The height of the measurement follow a noisy sinus curve.

# Plot measurements
meas_x = torch.rand(n_measurements)*x_range
meas_y = torch.sin(meas_x) + torch.normal(0, torch.full([n_measurements], data_std.item()))
plt.scatter(meas_x, meas_y, color="red", label="Measurements", marker=".")
plt.legend()
plt.show()

png

Create factor graph

fg = FactorGraph(gbp_settings)

# The x-coordinates of the variable nodes
xs = torch.linspace(0, x_range, n_varnodes).float().unsqueeze(0).T

# add a variables nodes with y-position zero and the given prior covarance
for i in range(n_varnodes):
    fg.add_var_node(1, torch.tensor([0.]), prior_cov)

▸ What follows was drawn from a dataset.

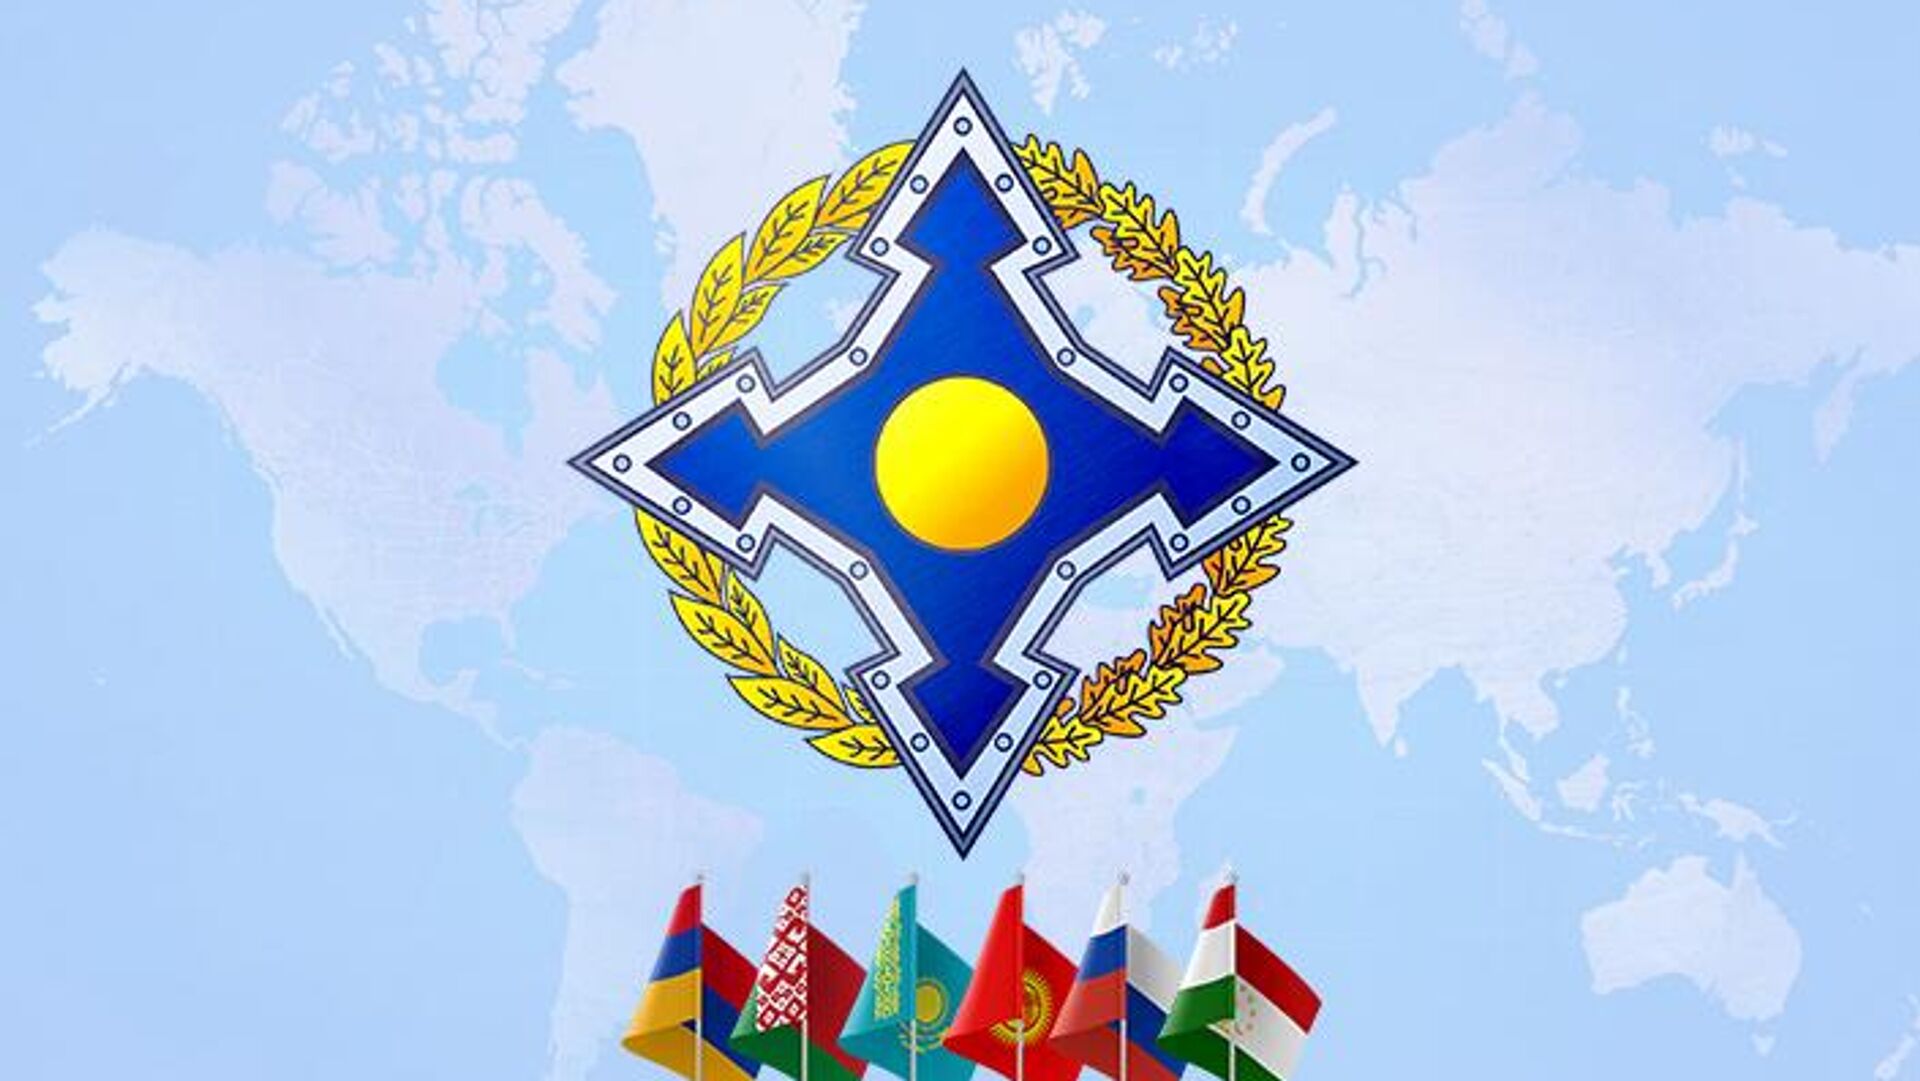 Թաալաթբեկ Մասադիկովը նշանակվել է ՀԱՊԿ գլխավոր քարտուղարի խաղաղապահության հարցերի գխով հատուկ ներկայացուցիչ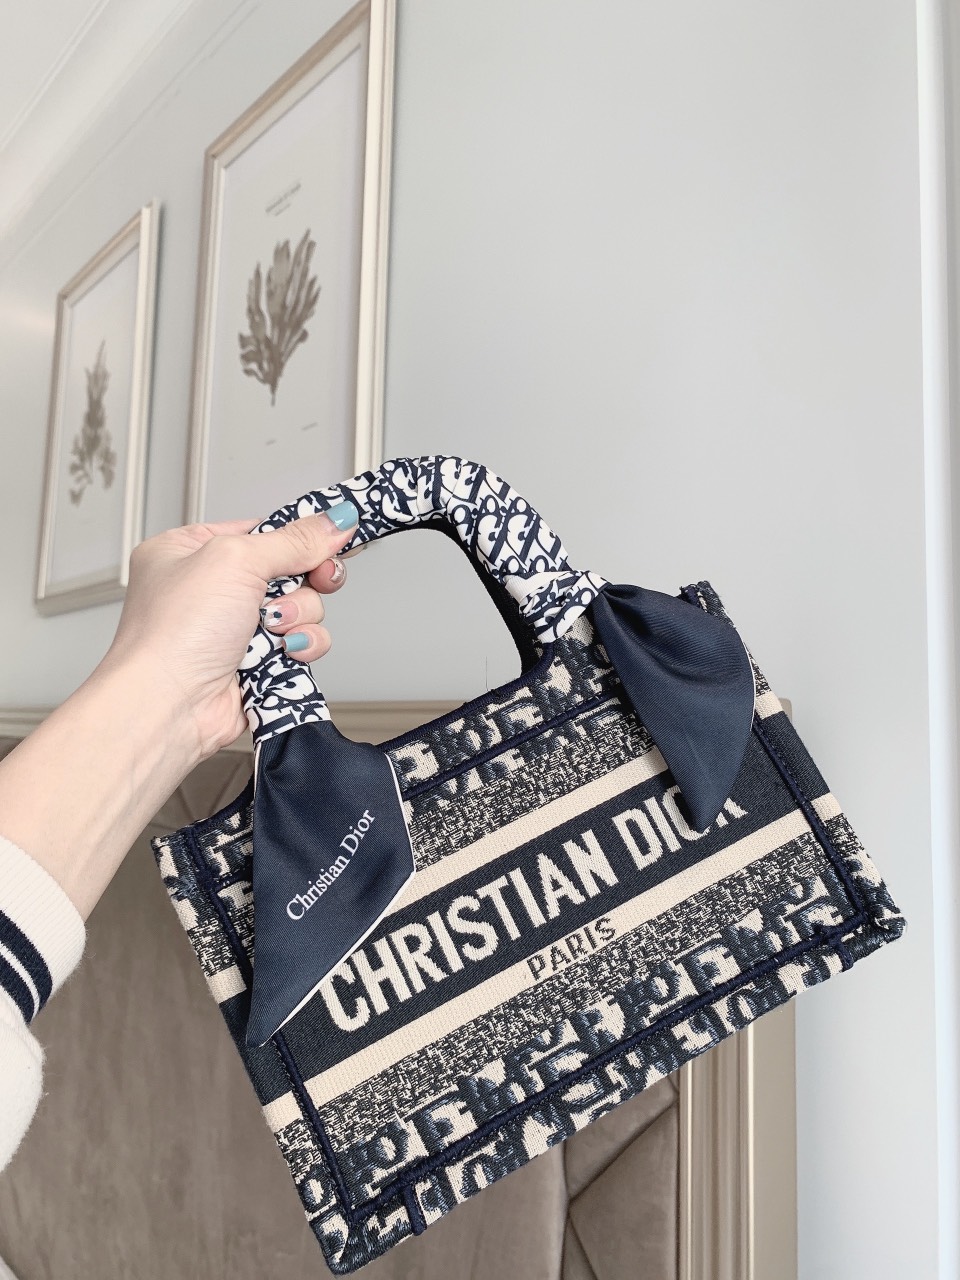 Mẫu Túi Christian Dior Book Tote Đẹp Tuyệt Vời Cho Quý Cô

# add a smoothing factor to each node except the last
for i in range(n_varnodes-1):
    fg.add_factor(
        [i, i+1], # adjacent variable ids
        torch.tensor([0.]), # measurement (empty)
        SmoothingModel(SquaredLoss(1, smooth_cov)) # Smoothing model
    )

# add a measurement factor to each node except the last
for i in range(n_measurements):
    # we are attaching one measurement to a factor.
    # Each factor is attached to the two adjacent
    # variable nodes
    ix2 = np.argmax(xs > meas_x[i])
    ix1 = ix2 - 1

    # This is a scaling factor to interpolate the y-coordinate (the means)
    # between two adajacent variable nodes nodes. This is: The closer
    # a measurement is positioned to a variable node, the more
    # we trust its y-position.
    # The distance in x-direction between measurement and node ix1
    # divided by the distance in x-direction of the two variable
    # nodes gives the scaling factor
    gamma = (meas_x[i] - xs[ix1]) / (xs[ix2] - xs[ix1])

    fg.add_factor(
      [ix1, ix2],
      meas_y[i],
      HeightMeasurementModel(
          SquaredLoss(1, data_cov),
          gamma
        )
      )

fg.print(brief=True)

# Beliefs are initialized to zero
# Plot beliefs and measurements
covs = torch.sqrt(torch.cat(fg.belief_covs()).flatten())
plt.title("Measurements and prior beliefs")
plt.errorbar(xs, fg.belief_means(), yerr=covs, fmt='o', color="C0", label='Beliefs')
plt.scatter(meas_x, meas_y, color="red", label="Measurements", marker=".")
plt.legend()
plt.show()

Factor Graph:
# Variable nodes: 20
# Factors: 34

png

Solve with GBP

fg.gbp_solve(n_iters=50)

# Plot beliefs and measurements
covs = torch.sqrt(torch.cat(fg.belief_covs()).flatten())
plt.errorbar(xs, fg.belief_means(), yerr=covs, fmt='o', color="C0", label='Beliefs')
plt.scatter(meas_x, meas_y, color="red", label="Measurements", marker=".")
plt.legend()
plt.show()

Initial Energy 49.21330
Iter 1  --- Energy 27.81385 --- 
Iter 2  --- Energy 23.62700 --- 
Iter 3  --- Energy 20.39776 --- 
Iter 4  --- Energy 16.08122 --- 
Iter 5  --- Energy 13.77354 --- 
Iter 6  --- Energy 13.69291 --- 
Iter 7  --- Energy 13.48928 --- 
Iter 8  --- Energy 13.46488 --- 
Iter 9  --- Energy 13.43425 --- 
Iter 10  --- Energy 13.42690 --- 
Iter 11  --- Energy 13.42052 --- 
Iter 12  --- Energy 13.41977 --- 
Iter 13  --- Energy 13.41866 --- 
Iter 14  --- Energy 13.41855 --- 
Iter 15  --- Energy 13.41835 --- 
Iter 16  --- Energy 13.41833 --- 
Iter 17  --- Energy 13.41829 --- 
Iter 18  --- Energy 13.41828 --- 
Iter 19  --- Energy 13.41828 --- 
Iter 20  --- Energy 13.41828 --- 
Iter 21  --- Energy 13.41827 --- 
Iter 22  --- Energy 13.41827 --- 
Iter 23  --- Energy 13.41827 --- 
Iter 24  --- Energy 13.41827 --- 
Iter 25  --- Energy 13.41827 --- 
Iter 26  --- Energy 13.41827 --- 

png

References

A visual introduction to Gaussian Belief Propagation by Joseph Ortiz, Talfan Evans and Andrew J. Davison
Loopy Belief Propagation - Python Implementation by me on this blog
Simple Noise Reduction with Loopy Belief Propagation by me on this blog
Pattern Recognition and Machine Learning by Christopher M. Bishop.
Exactly Sparse Delayed-State Filters by Ryan M. Eustice et. al.